A spokesperson warned the government needed to exercise great care over how it approached potential breaches, as many people relied on income support to meet their basic needs and about a third of those on Jobseeker had chronic illness or disability.
"Given the serious risk of harm to affected individuals through intimidation and breach of privacy, any surveillance powers should be very narrowly defined and subject to close administrative oversight and review," an ACOSS spokesperson said.
"Investigations should be conducted by public officials who are fully accountable and expected to exercise the highest standards of care and due diligence."

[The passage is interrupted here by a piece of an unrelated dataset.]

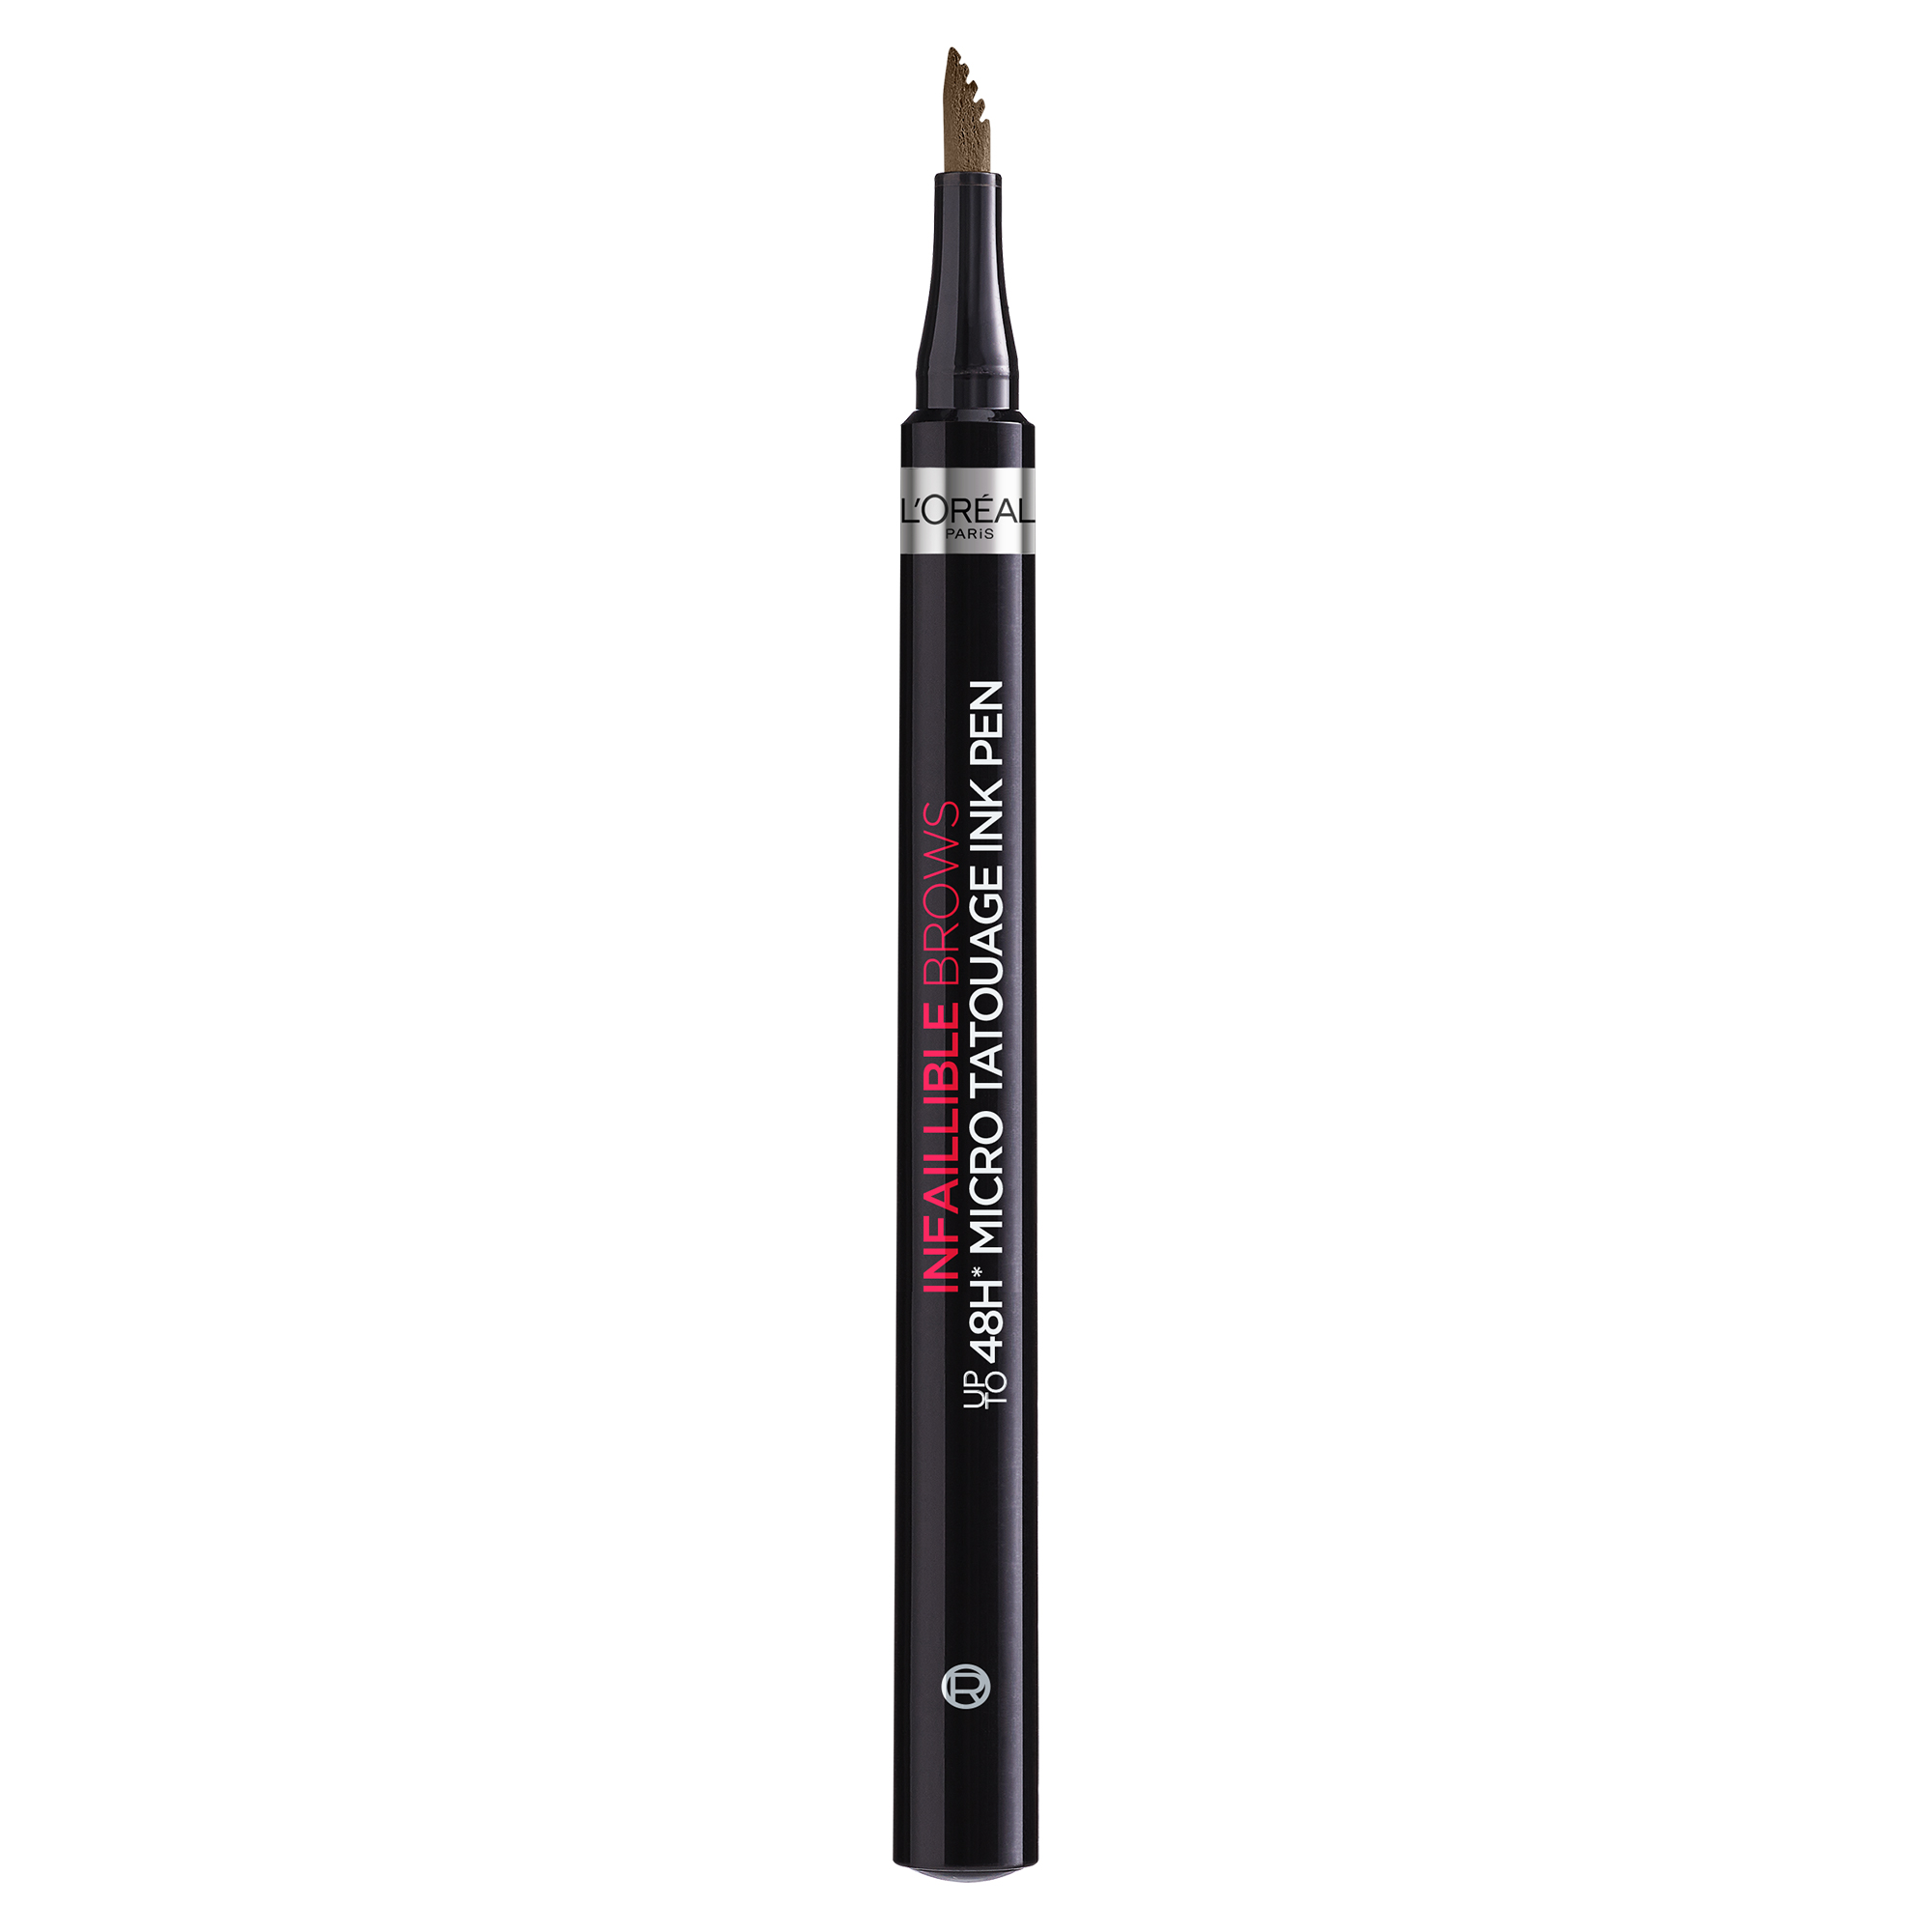 Creion pentru sprancene cu efect de micropigmentare Infaillible Brows 48H Micro Tatouage, 3.0 Brunette, 6 g, Loreal Paris

It comes more than a year after the federal government lost a class action suit over its problematic debt recovery program, known as "robodebt", forcing it to pay nearly $2 billion back to about 430,000 recipients.
The program raised compliance notices against more than 430,000 current and former welfare recipients using an "income-averaging" system to spread a person's reported taxable income across every fortnight of the year.
The Commonwealth Ombudsman said the debts raised using this information were "legally insufficient".
The opposition's government services spokesperson Bill Shorten said the government's recent track record with robodebts should cast doubts over whether the federal government will undertake appropriate surveillance of support payment recipients.
"The Morrison government cannot expect Australians to trust the people, who slapped them with illegal robodebts, to spy on them without going too far and doing damage," he told Australian Community Media.